DATASET CONTENT:
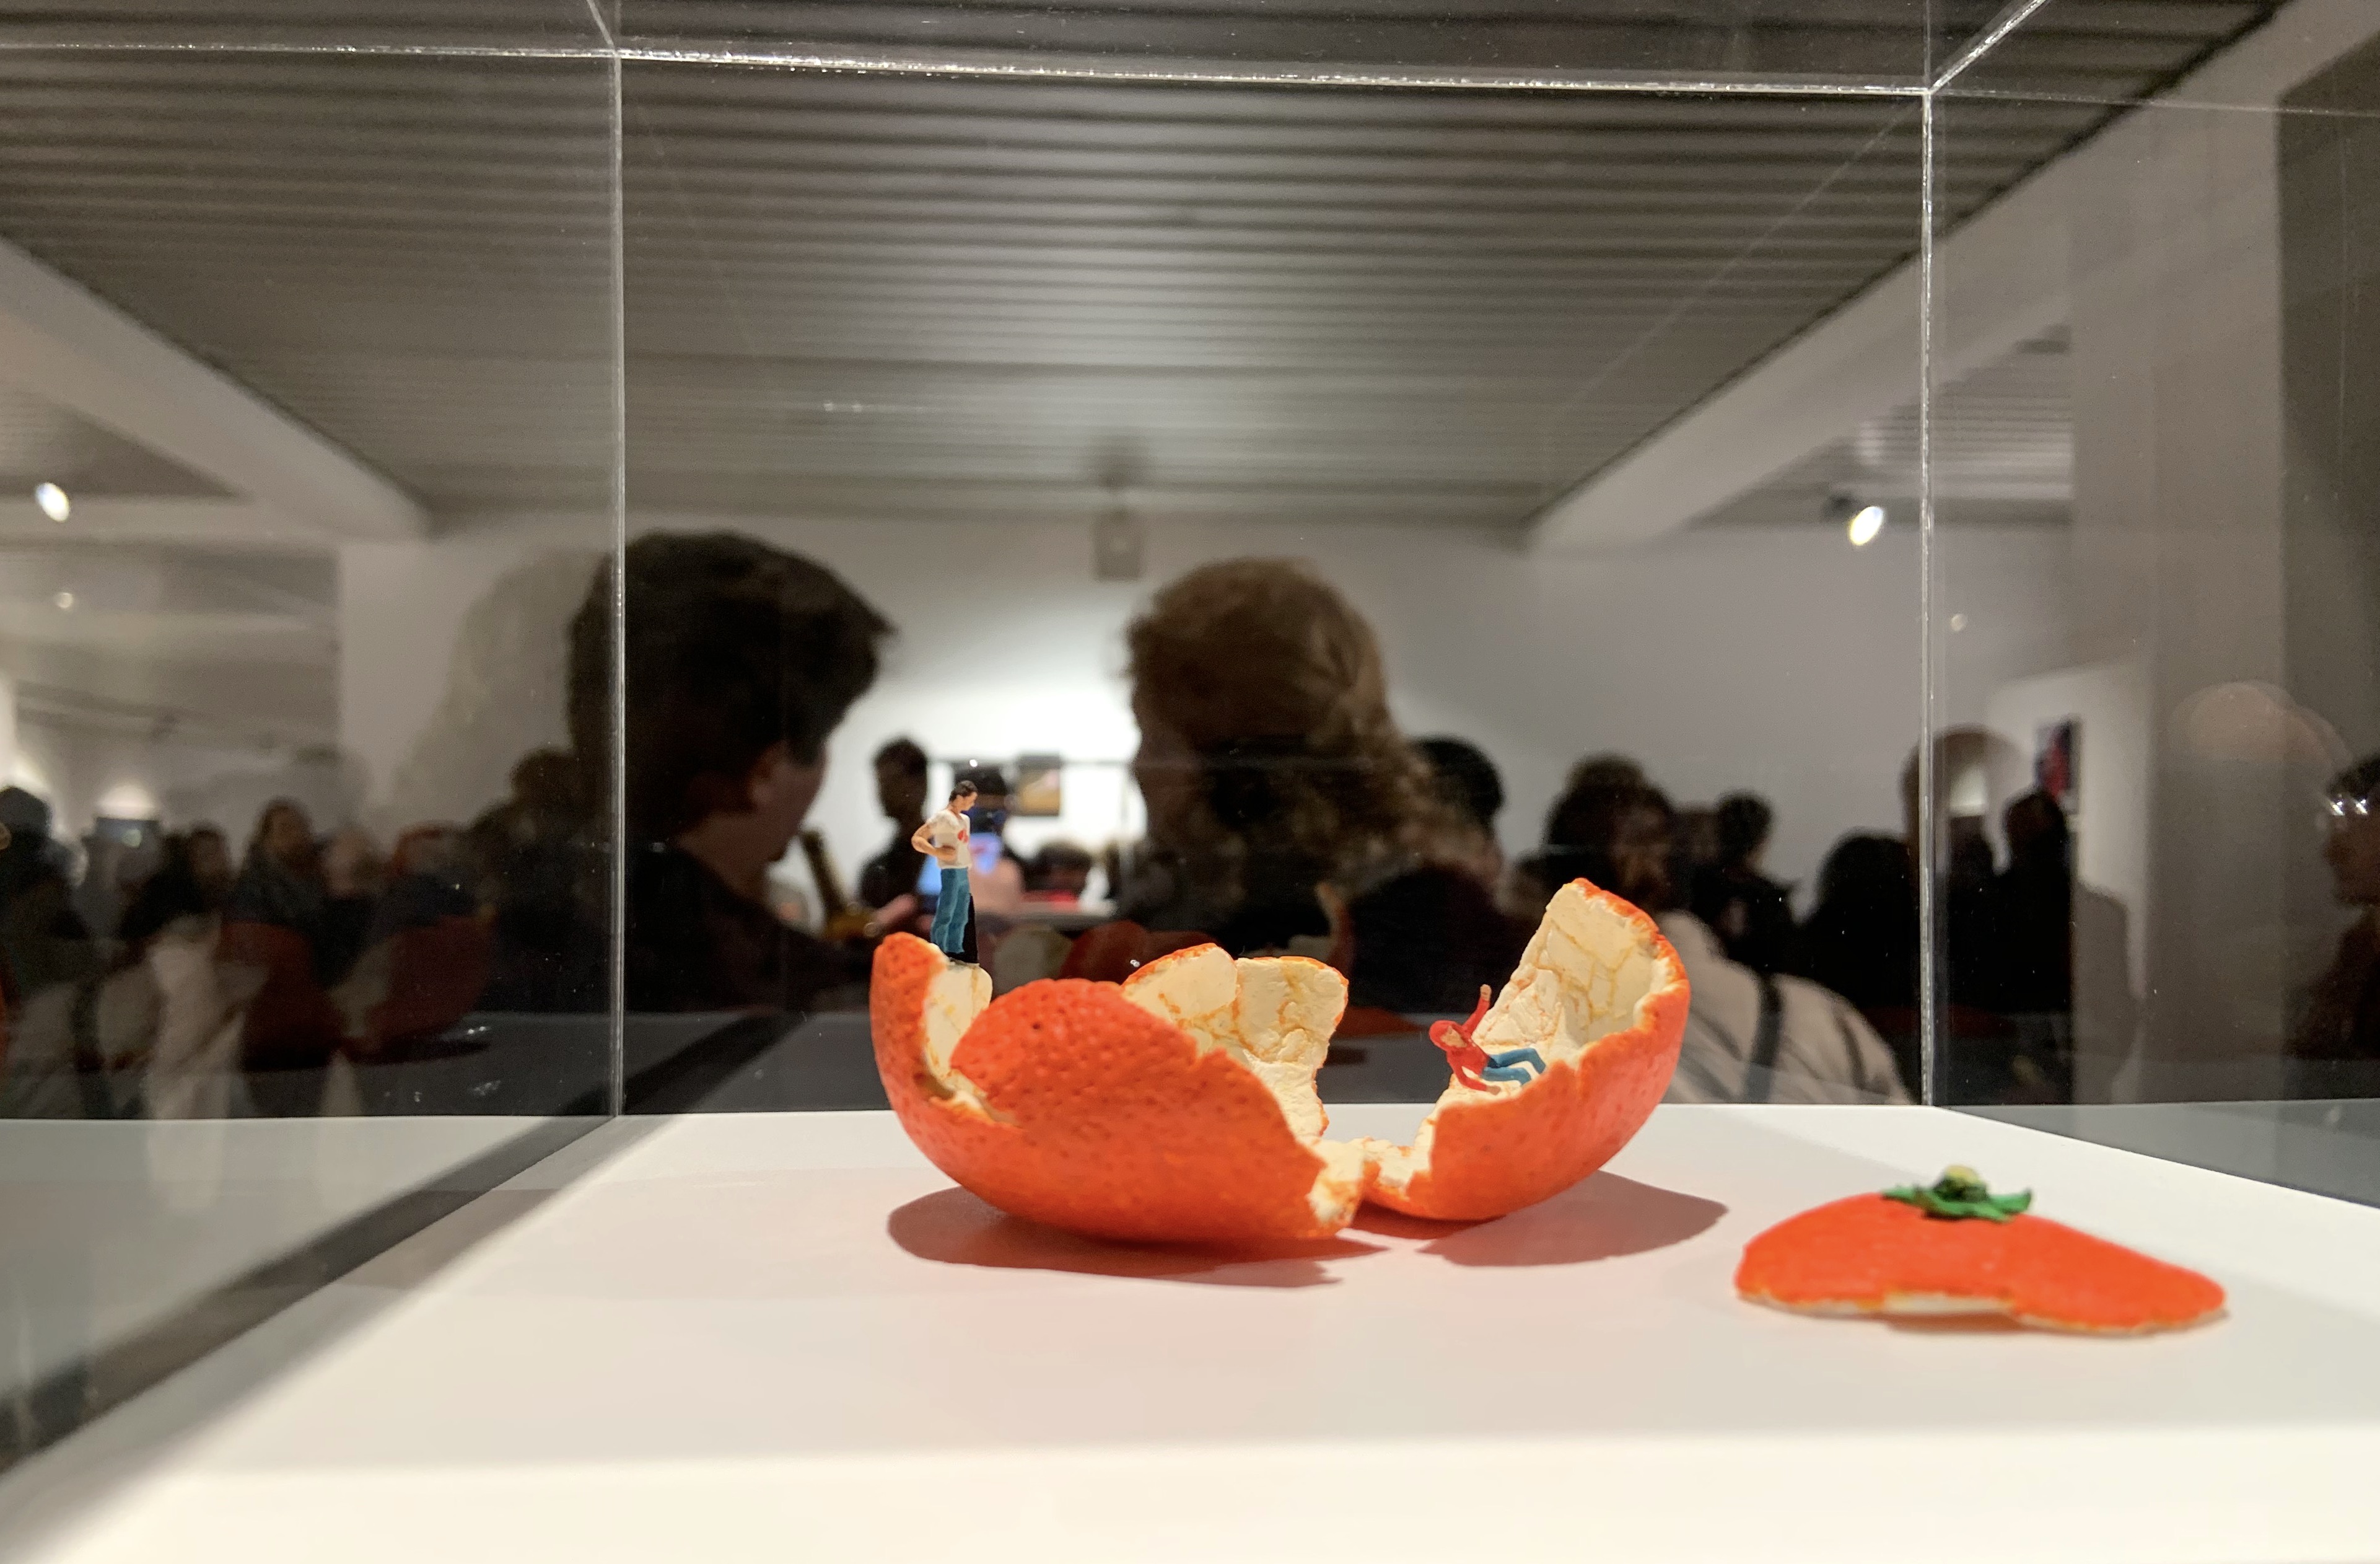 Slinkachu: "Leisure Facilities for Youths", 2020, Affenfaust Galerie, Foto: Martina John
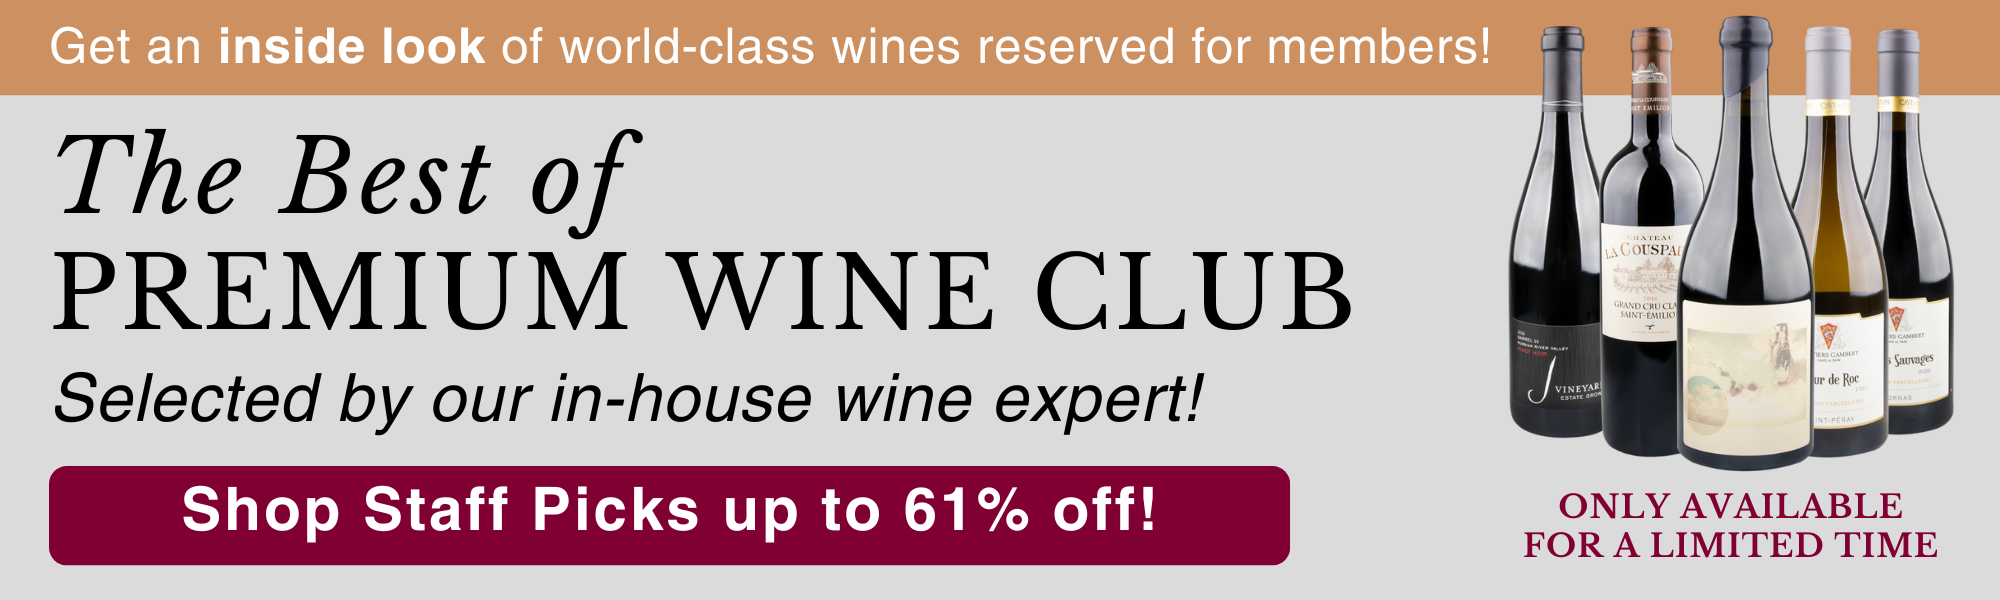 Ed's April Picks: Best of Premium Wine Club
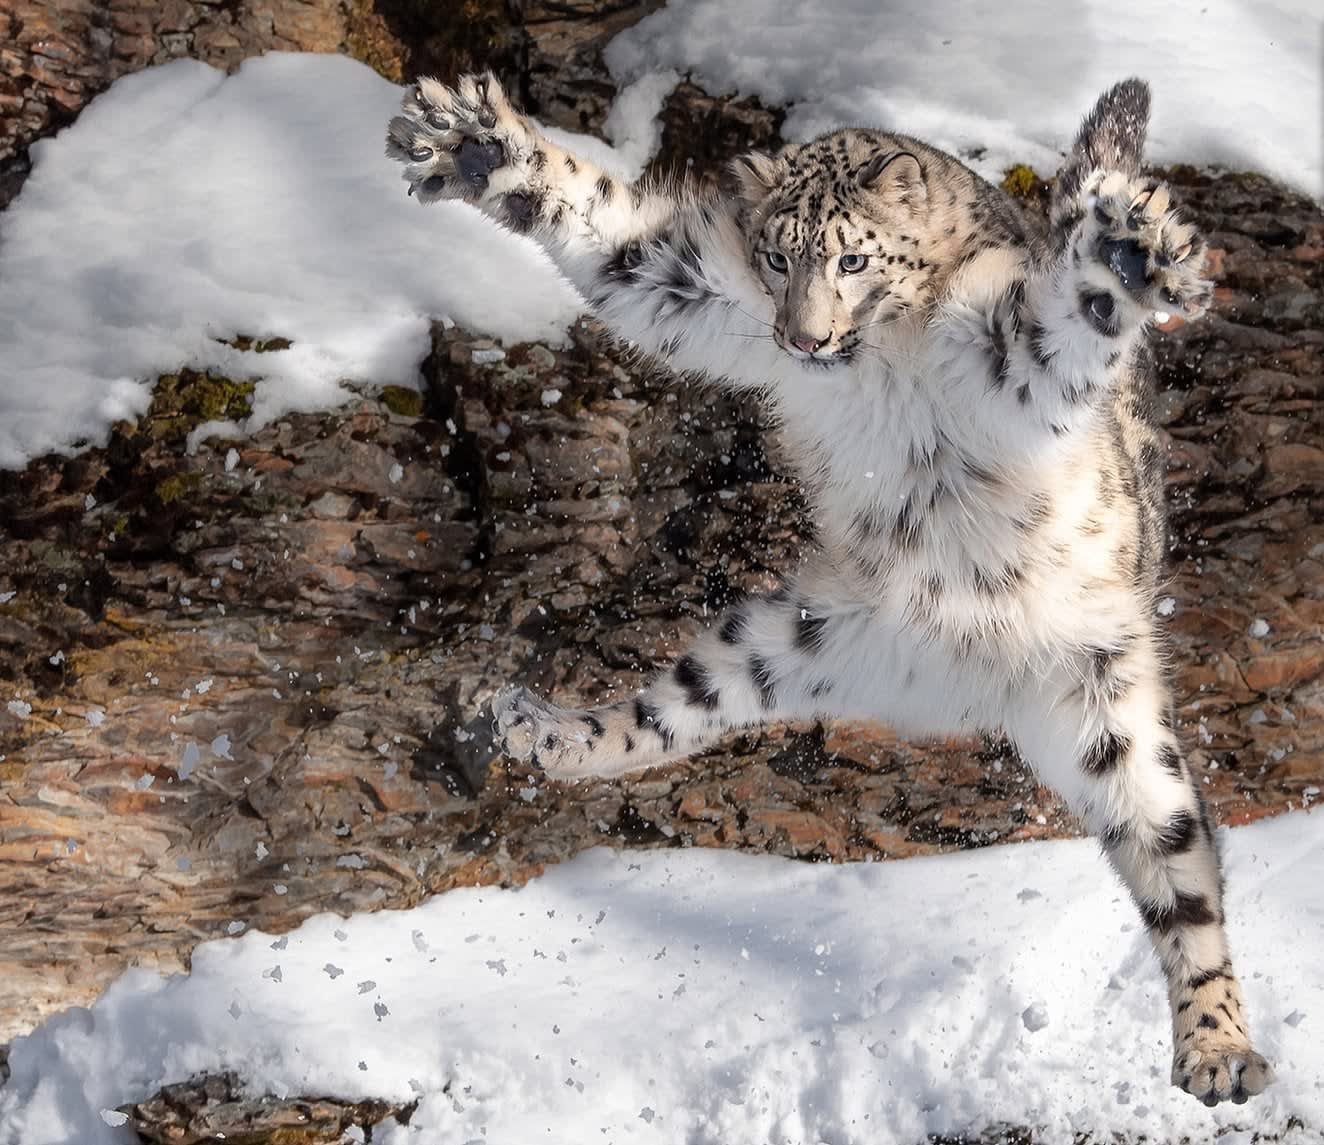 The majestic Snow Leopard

TASK STATEMENT:
The required output is each line above restated verbatim, with all images omitted.

EXPECTED ANSWER:
 Slinkachu: "Leisure Facilities for Youths", 2020, Affenfaust Galerie, Foto: Martina John
 Ed's April Picks: Best of Premium Wine Club
 The majestic Snow Leopard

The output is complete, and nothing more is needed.